I have a really large JSONL file (14GiB, 12 Million lines) that contains records of lightning strokes around the world. What I am trying to do is to refine this dataset so that only lightning strokes that occurred in Germany remain at the end. Each line of the file contains one "strokes" list that holds many JSON objects (lightning strike). It looks like this:
"strokes": [
{
"time": 1624230617044,
"lat": 64.298728,
"lon": 44.536694,
"src": 2,
"srv": 2,
"id": 42243883,
"del": 1887,
"dev": 1941
}, #... other items
]
As you can see, one does not know in which country the lightning strike occurred since only latitude and longitude are given. One has to use the reverse_geocoder
library in order to map one particular set of coordinates to the country. The method can be used as follows:
rg.search(strike_location) # strike_location is a tuple that holds the gps coordinate
The output of the method is a json objects that holds the ISO Code of the country, 'DE' for Germany.

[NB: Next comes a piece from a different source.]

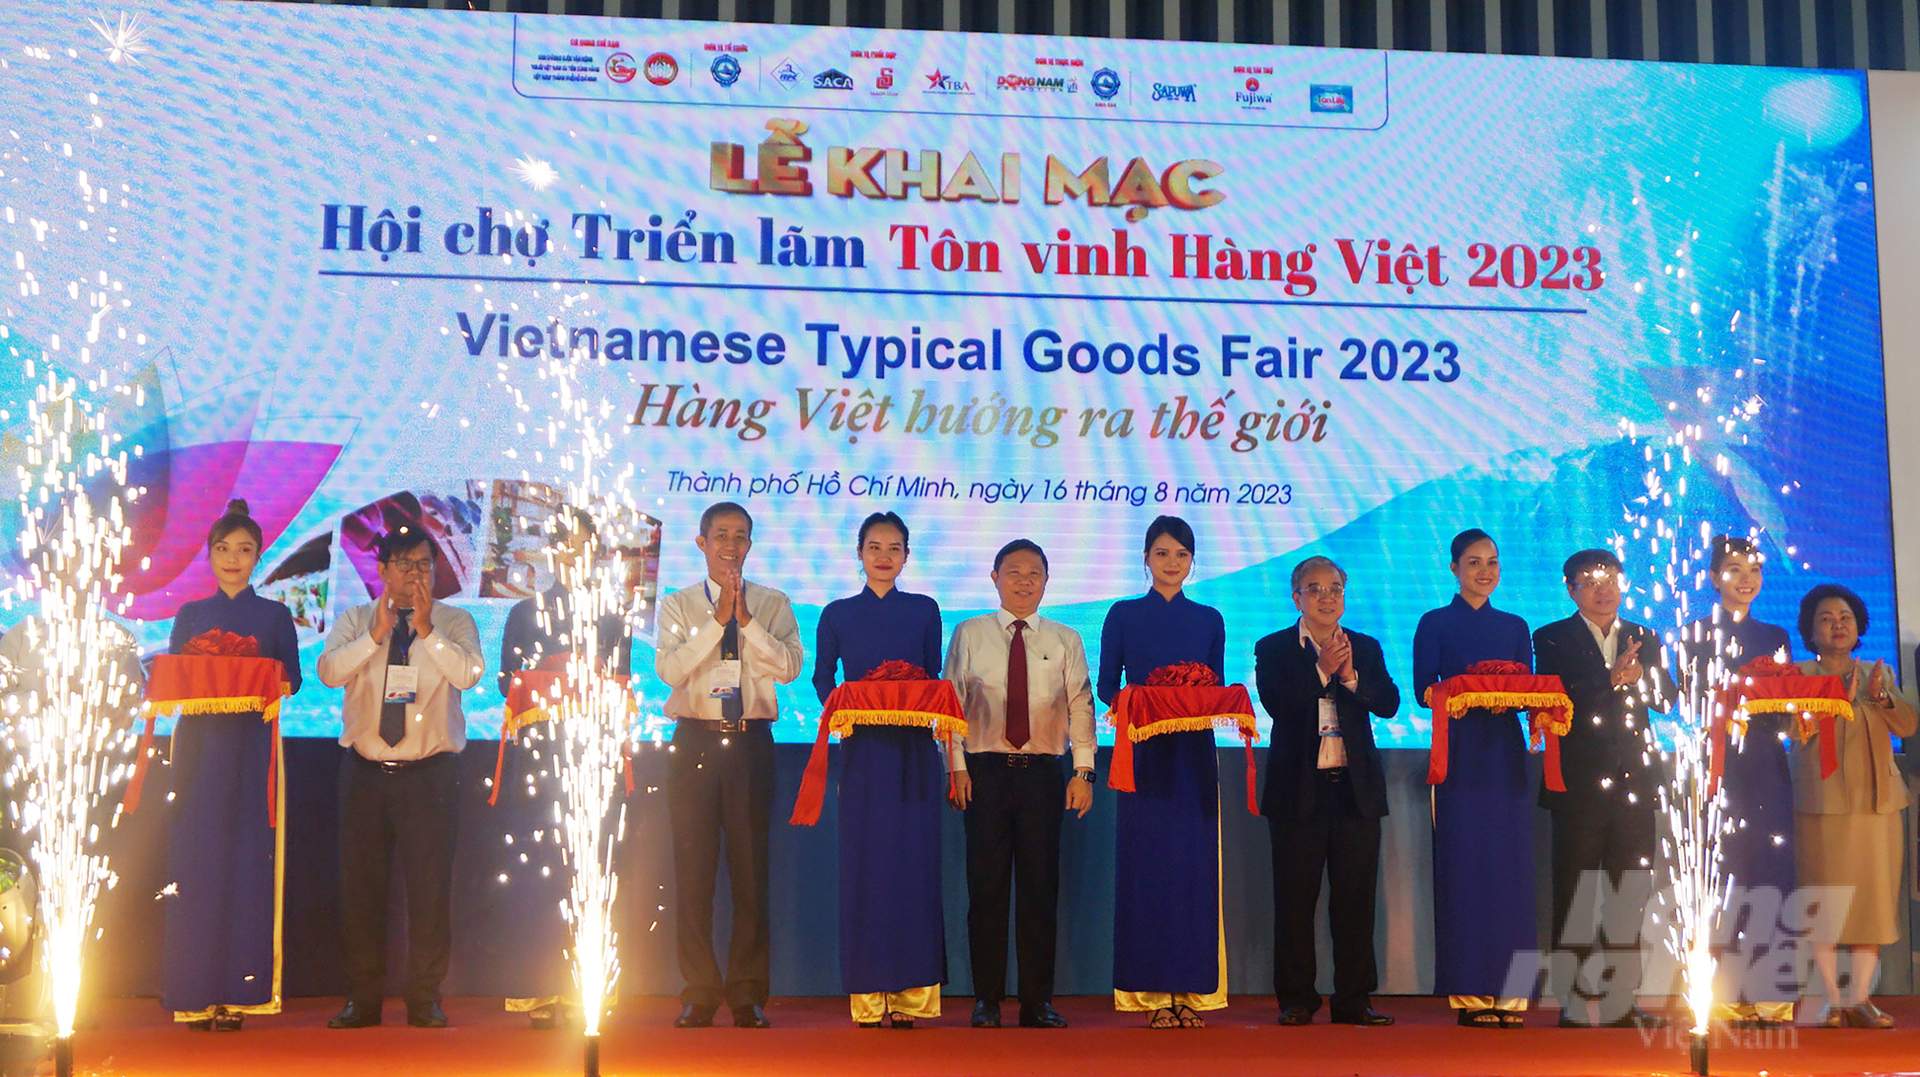 Cơ hội để doanh nghiệp Việt tìm kiếm nhà mua hàng tiềm năng

One way to achieve this task would be to iterate through the file, line after line and filter the data, turns out one query to the reverse_geocoder
library needs approx. 1.5sc to complete, which makes this approach really slow.
The other approach that I've thought of consists of splitting up the file in parts and assign each part to one particular process, let's say 16 parts, so I would create 16 Process, since I have 16 CPUs on my machine. If such an approach is possible, how could that be done? Or if you have some way to improve the first approach, it would help me a lot.
CodePudding user response:
Firstly, I assume that the location lookup is a network request. Doing these in parallel doesn't require much CPU at all, because it's not limited by your CPU, but by how fast you can send according requests, have them processed by the service and the response being returned to you. So, in short, the number of useful parallel requests has nothing to do with your number of CPU cores.
Now, for parallel requests to a web service, you don't need multiple processes. It's enough to use e.g. threads, but you could perhaps even get away without doing the threading yourself, if the module making the requests provides parallel request support.
That said, Germany is geographically pretty restricted. Doing a simple filter by min/max latitude and longitude will probably reduce the number of candidates a lot already. Consider doing that, especially if the service doing the geomapping is free, because you don't want to abuse their resources!
CodePudding user response:
I think it would be useful to use Dask https://docs.dask.org/en/stable/
Just use dask.dataframe.read_json method.
Also Dask supports multi-processing and even if it is a large file, you don't have to worry because Dask use lazy loading.